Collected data
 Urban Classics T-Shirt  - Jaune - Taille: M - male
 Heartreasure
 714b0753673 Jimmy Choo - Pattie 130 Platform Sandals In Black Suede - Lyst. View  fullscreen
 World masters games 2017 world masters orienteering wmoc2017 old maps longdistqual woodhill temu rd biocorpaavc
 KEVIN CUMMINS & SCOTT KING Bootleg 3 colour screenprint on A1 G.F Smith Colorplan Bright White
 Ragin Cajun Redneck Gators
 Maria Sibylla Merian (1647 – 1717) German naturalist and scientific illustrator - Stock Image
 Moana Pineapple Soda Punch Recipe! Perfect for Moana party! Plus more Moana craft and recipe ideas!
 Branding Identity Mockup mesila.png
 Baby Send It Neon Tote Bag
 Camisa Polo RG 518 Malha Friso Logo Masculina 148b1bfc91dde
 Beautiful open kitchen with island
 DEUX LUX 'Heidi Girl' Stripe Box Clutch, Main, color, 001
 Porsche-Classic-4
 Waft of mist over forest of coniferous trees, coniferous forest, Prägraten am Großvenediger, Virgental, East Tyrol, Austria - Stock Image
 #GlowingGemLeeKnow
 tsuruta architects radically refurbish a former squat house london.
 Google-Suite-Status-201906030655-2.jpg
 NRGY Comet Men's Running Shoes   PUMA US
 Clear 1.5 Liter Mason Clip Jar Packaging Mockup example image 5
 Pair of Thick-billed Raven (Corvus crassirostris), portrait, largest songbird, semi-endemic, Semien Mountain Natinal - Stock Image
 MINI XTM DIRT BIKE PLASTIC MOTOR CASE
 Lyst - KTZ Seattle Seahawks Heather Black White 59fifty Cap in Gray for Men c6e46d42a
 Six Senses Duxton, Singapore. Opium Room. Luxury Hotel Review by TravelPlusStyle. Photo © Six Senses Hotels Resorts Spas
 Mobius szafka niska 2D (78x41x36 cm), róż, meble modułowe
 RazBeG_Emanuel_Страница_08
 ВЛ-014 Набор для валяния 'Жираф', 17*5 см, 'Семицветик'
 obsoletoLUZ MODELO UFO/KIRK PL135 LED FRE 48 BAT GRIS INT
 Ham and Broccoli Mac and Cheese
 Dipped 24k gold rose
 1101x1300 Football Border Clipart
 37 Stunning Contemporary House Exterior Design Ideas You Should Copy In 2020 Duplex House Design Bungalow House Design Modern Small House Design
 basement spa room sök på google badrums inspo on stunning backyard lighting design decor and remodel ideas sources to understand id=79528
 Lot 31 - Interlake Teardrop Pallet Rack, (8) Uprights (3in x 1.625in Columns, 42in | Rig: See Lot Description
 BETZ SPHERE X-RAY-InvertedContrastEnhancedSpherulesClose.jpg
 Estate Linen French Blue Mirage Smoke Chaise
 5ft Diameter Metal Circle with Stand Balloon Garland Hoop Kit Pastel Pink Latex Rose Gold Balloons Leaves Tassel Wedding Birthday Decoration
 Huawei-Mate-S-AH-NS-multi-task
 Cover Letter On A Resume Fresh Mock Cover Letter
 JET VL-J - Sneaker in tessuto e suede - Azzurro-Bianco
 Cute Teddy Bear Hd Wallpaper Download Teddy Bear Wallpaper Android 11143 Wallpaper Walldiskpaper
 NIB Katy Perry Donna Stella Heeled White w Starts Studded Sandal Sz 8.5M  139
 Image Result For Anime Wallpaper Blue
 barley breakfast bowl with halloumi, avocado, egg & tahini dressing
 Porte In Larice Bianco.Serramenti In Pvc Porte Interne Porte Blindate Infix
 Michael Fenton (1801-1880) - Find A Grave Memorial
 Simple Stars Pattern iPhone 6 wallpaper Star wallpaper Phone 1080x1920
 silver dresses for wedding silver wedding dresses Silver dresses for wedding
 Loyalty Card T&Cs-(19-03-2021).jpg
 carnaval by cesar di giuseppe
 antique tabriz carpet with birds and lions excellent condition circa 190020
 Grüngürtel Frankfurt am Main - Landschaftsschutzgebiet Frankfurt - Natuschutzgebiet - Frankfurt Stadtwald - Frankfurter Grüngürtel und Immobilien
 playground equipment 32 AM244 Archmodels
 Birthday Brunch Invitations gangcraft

● **GOAL OF THE EXERCISE**: The answer is the line holding "Huawei-Mate-S-AH-NS-multi-task" and all the lines after it through the end of the records, repeated exactly.

● **ANSWER TO THIS EXERCISE**:
 Huawei-Mate-S-AH-NS-multi-task
 Cover Letter On A Resume Fresh Mock Cover Letter
 JET VL-J - Sneaker in tessuto e suede - Azzurro-Bianco
 Cute Teddy Bear Hd Wallpaper Download Teddy Bear Wallpaper Android 11143 Wallpaper Walldiskpaper
 NIB Katy Perry Donna Stella Heeled White w Starts Studded Sandal Sz 8.5M  139
 Image Result For Anime Wallpaper Blue
 barley breakfast bowl with halloumi, avocado, egg & tahini dressing
 Porte In Larice Bianco.Serramenti In Pvc Porte Interne Porte Blindate Infix
 Michael Fenton (1801-1880) - Find A Grave Memorial
 Simple Stars Pattern iPhone 6 wallpaper Star wallpaper Phone 1080x1920
 silver dresses for wedding silver wedding dresses Silver dresses for wedding
 Loyalty Card T&Cs-(19-03-2021).jpg
 carnaval by cesar di giuseppe
 antique tabriz carpet with birds and lions excellent condition circa 190020
 Grüngürtel Frankfurt am Main - Landschaftsschutzgebiet Frankfurt - Natuschutzgebiet - Frankfurt Stadtwald - Frankfurter Grüngürtel und Immobilien
 playground equipment 32 AM244 Archmodels
 Birthday Brunch Invitations gangcraft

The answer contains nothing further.